- _EXERCISE REQUIREMENTS_: Using the material below, print a verbatim copy of every line from the one containing "Personalised Mug - Awesome Dad" through the one containing "Handtuchwarmer Im Aussergewohnlichen", inclusive, and omit the pictures.

- _RECORDS FOR THE TASK_:
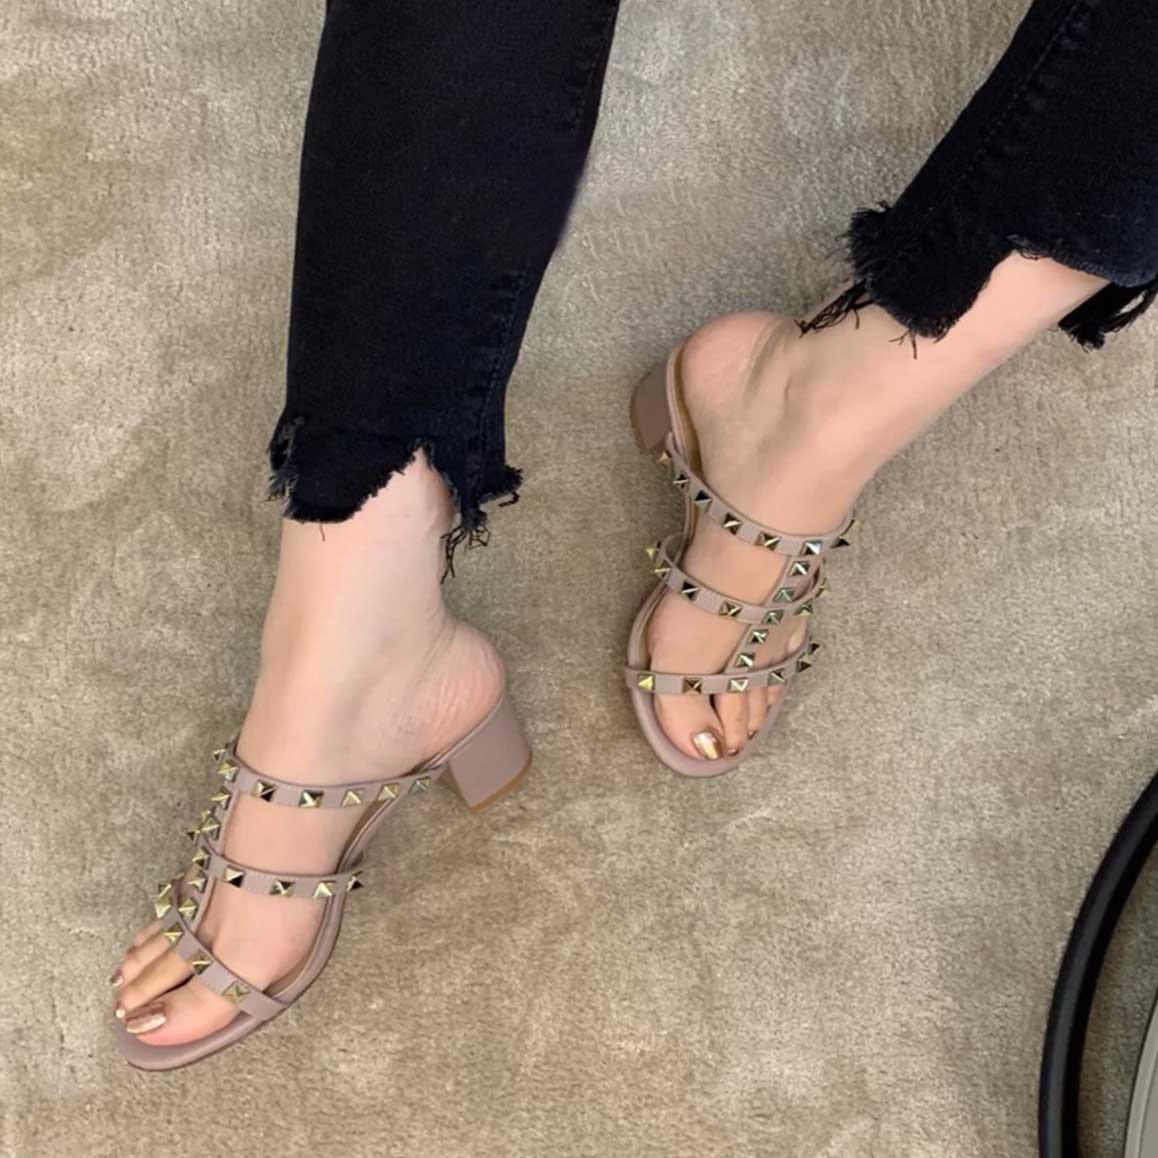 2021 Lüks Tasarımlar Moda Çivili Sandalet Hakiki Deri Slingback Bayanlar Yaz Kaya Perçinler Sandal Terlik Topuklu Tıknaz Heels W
...
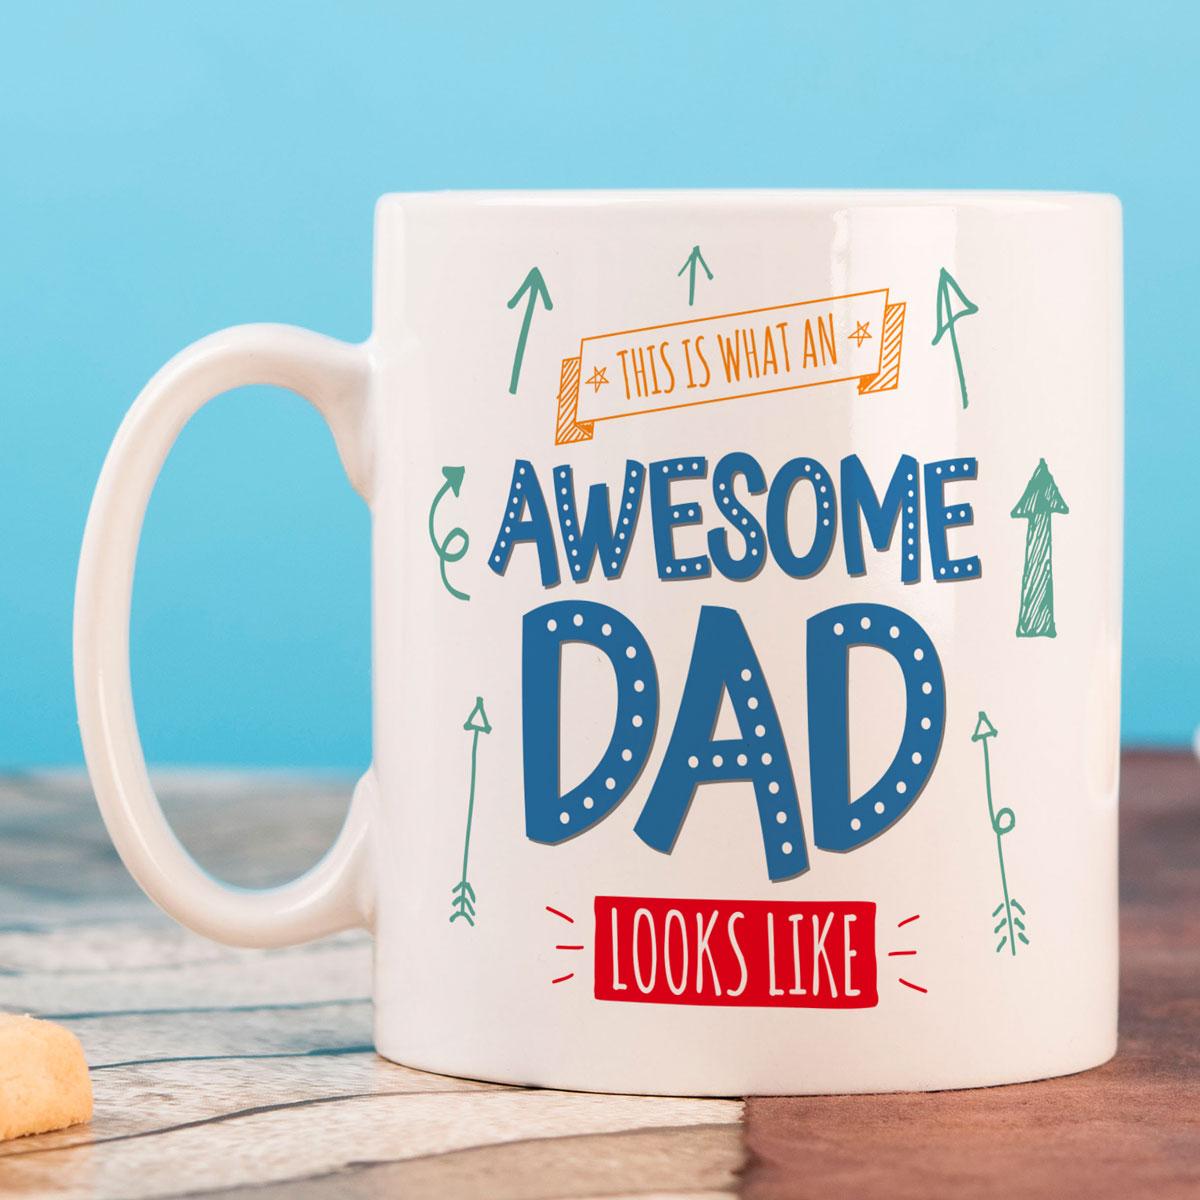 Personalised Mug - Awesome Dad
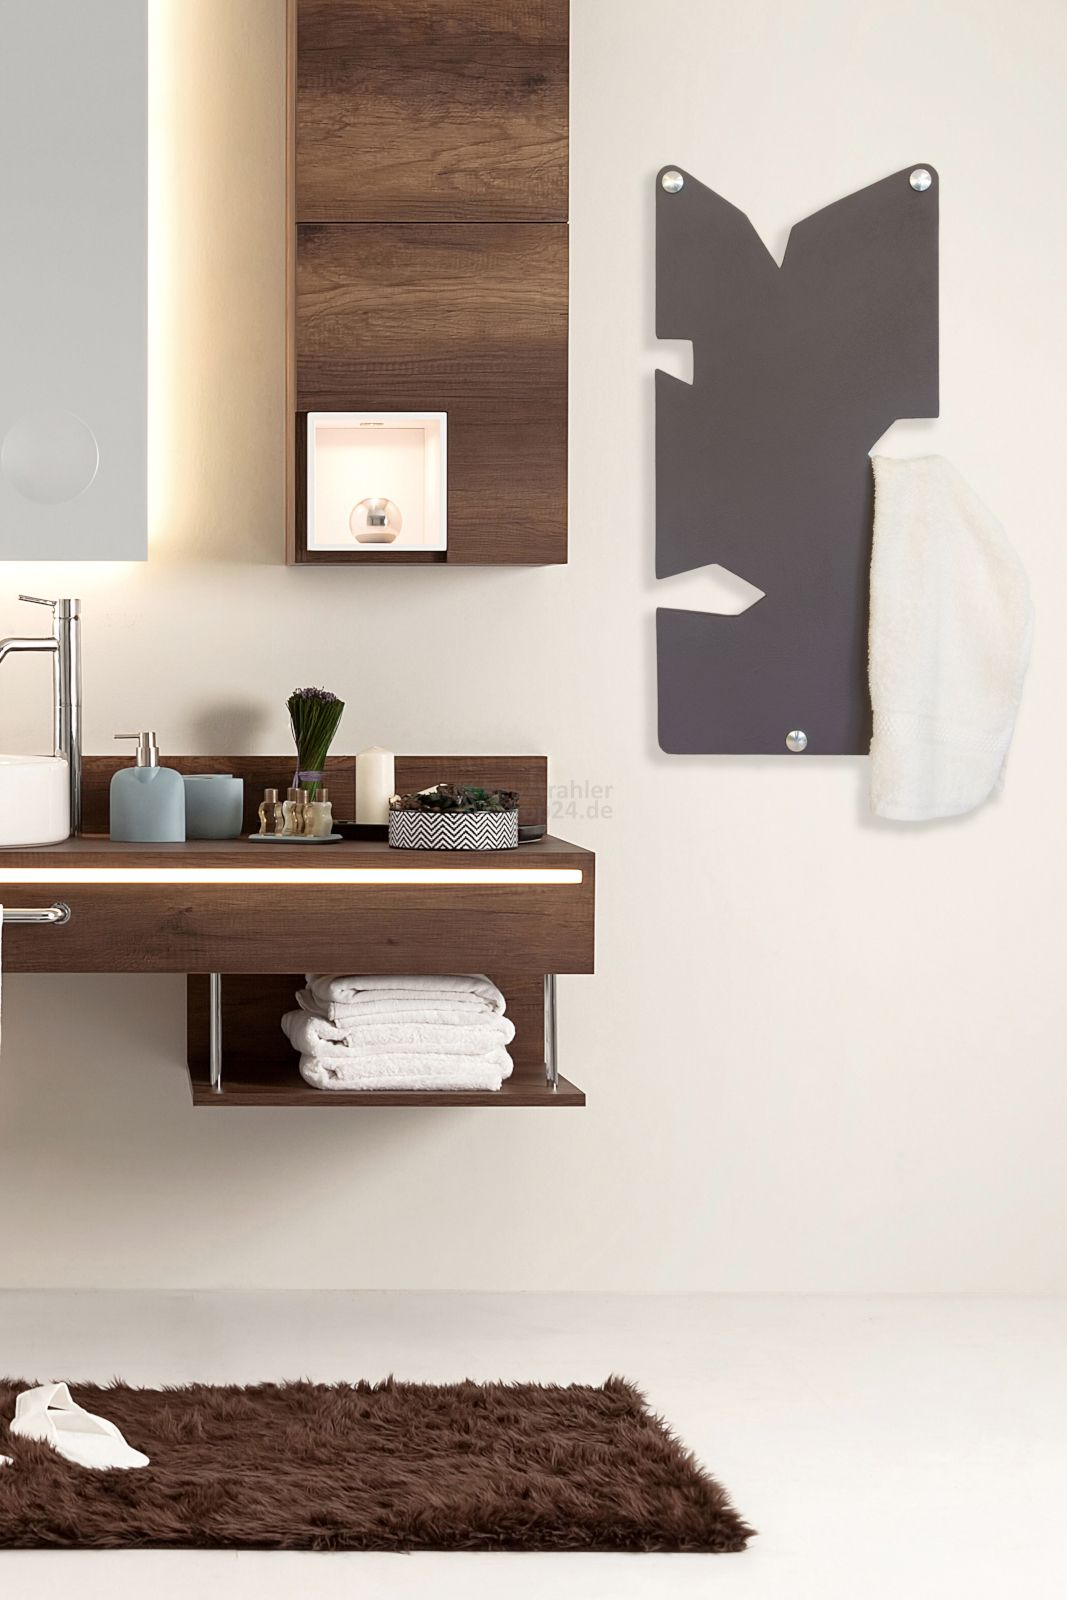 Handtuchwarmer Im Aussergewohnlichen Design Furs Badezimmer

- _REPLY_:
 Personalised Mug - Awesome Dad
 Handtuchwarmer Im Aussergewohnlichen Design Furs Badezimmer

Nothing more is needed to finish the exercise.